Стремительно уменьшалось расстояние между десантом из трёх человек и буром «Нарады». На двух тысячах метров Кирк и Сулу раскрыли свои парашюты, но не Ньют Олсон. «Олсон, выпускай парашют!», — на мостике раздавался испуганный крик Джеймса. Ему вторил сумасшедший смех несущегося вниз инженера. Чехов с возрастающим ужасом смотрел на алую точку, подсознанием понимая, что вот-вот случится непоправимое. — Одна тысяча метров! — весёлым голосом вещал Ньют и через какое-то мгновение в динамиках раздались крики боли и страха. — Не-е-ет! Диаграмма жизненных показателей потухла. «Олсо-он!», — кричали Джим и Хикару, зовя мертвеца. Последний крик инженера отдавался звоном в ушах Павла. — Олсон… погиб, сэр, — только и смог выдать шокированный парнишка, остановившимся взглядом глядя на экран. Синяя точка — успешно десантировалась и онемевшими губами Чехов сказал: — «Кирк приземлился, сэр». Объявляя это, он развернулся к и.о. капитана, но лица не видел — действовал на автомате. Сумасшедший день длинной в едва ли час отказывался заканчиваться. В какой-то момент Паша обнаружил себя за пультом управления транспортером. — «Ё-моё!», — вскрикнул он, встрепенувшись.Хоть кого-то спас. Или нет?

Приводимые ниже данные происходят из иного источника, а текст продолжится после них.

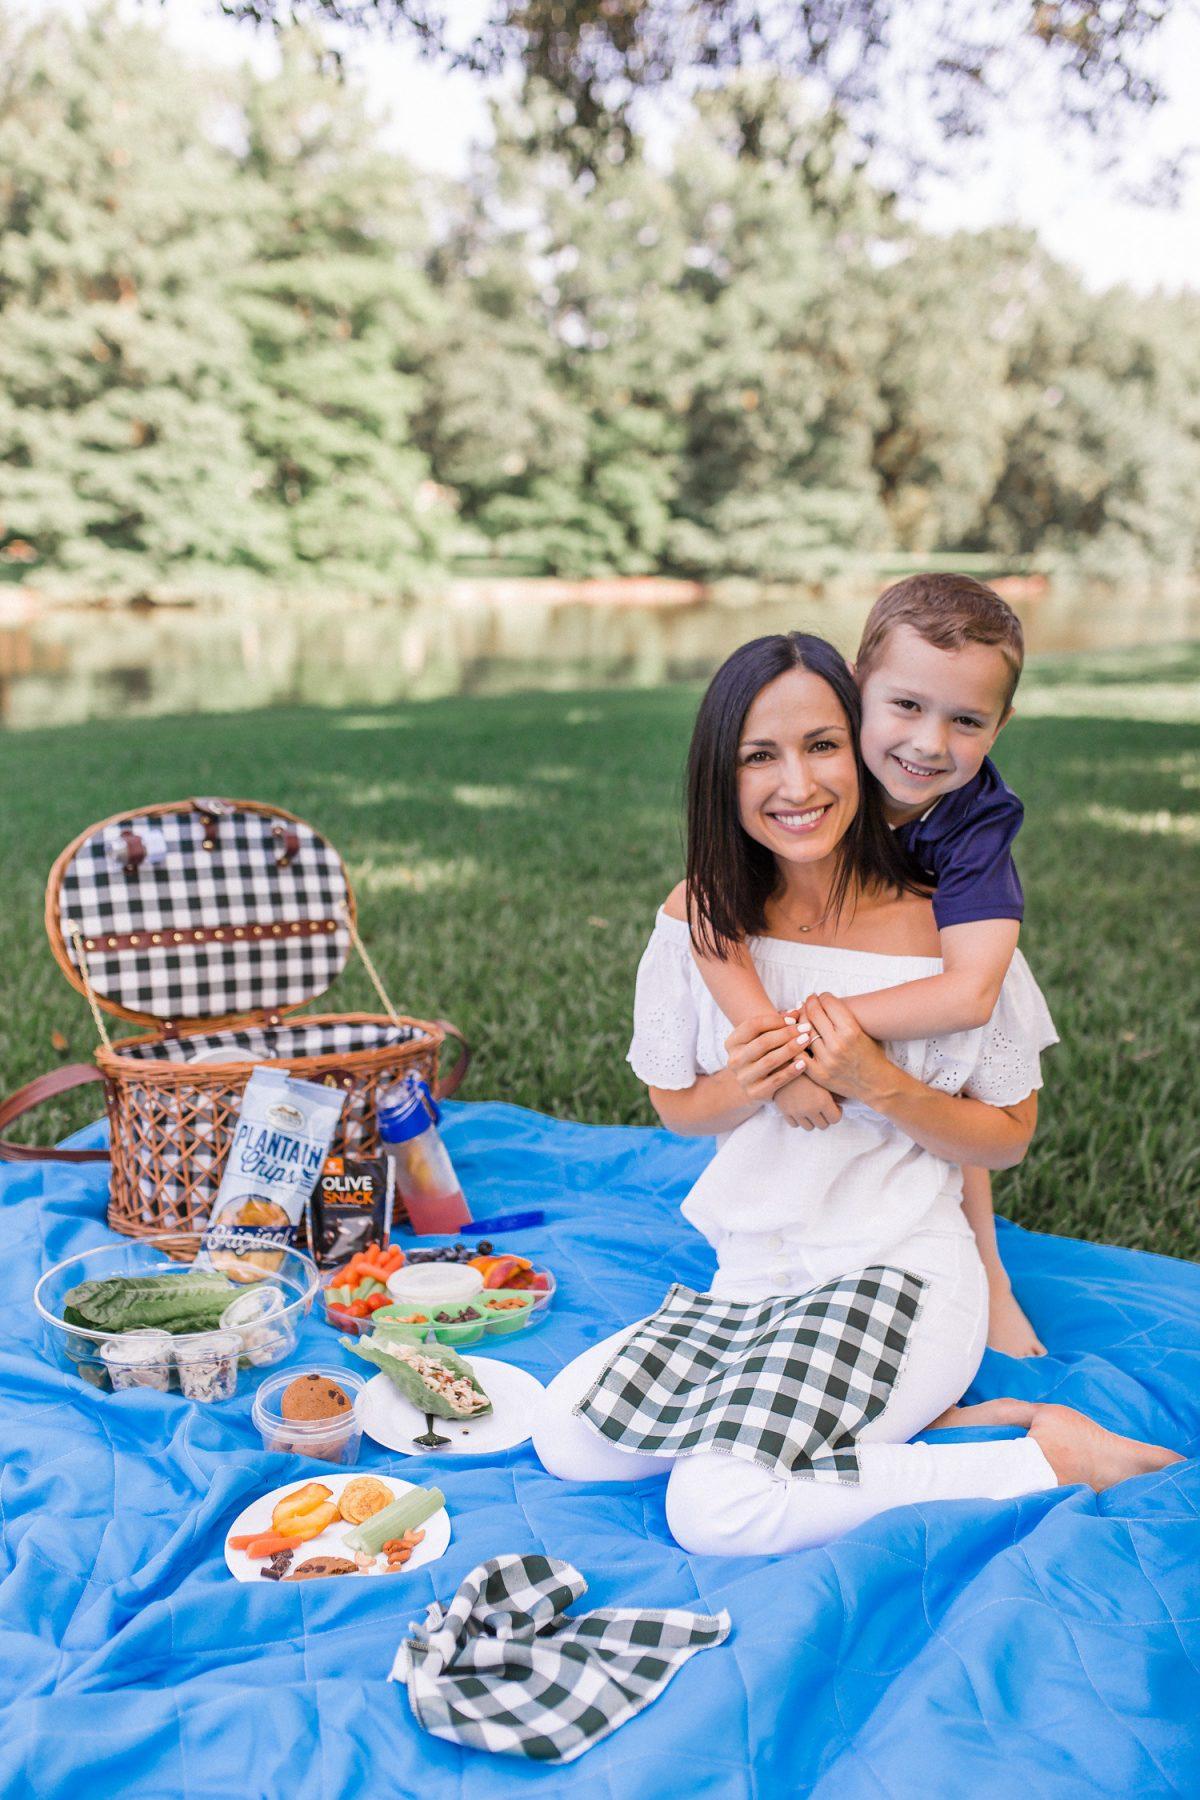 A Healthy (Kid-Friendly!) Paleo Picnic Basket

Сингулярность, поглощавшая Вулкан, сбивала настройки тяглового луча и навести его на группу вулканцев во главе со Споком было так трудно! Чехов перевёл всю автоматику на ручное управление и тут же раздался голос и.о. капитана: «Спок — «Энтерпрайзу», поднимайте нас». — Не двигайтесь, оставайтесь там, где вы находитесь, — просит, почти умоляет Паша, поворачивая тумблер мощности на максимум. — Транспортация через пять… четыре… три… две… — Мама! — раздаётся страшный крик вулканца. — Я теряю её, теряю её! — вместе с ним кричит навигатор, а их дуэту вторит истошный вой сирены. Пальцы бессильно скользят по консоли в попытке что-то сделать, но сигнал пропал с концами. — Не-ет! Я… потерял её… Паша не верит, не хочет верить. Столько смертей, Господи, если ты есть… Господи… В рубке царит звонкая тишина, половина взглядов устремлены на Спока, другая — на юношу. Невыносимо. Дыхание спёрто, пальцы дрожат. Не успел. Не спас. Если бы кресло не было прикручено к полу, оно непременно бы опрокинулось — не помня себя, заплетаясь в ногах, Чехов ввалился в турболифт и ударил кулаком по консоли. Попадается медотсек. Как удачно.Гибель матери Спока была не звоночком — набатом.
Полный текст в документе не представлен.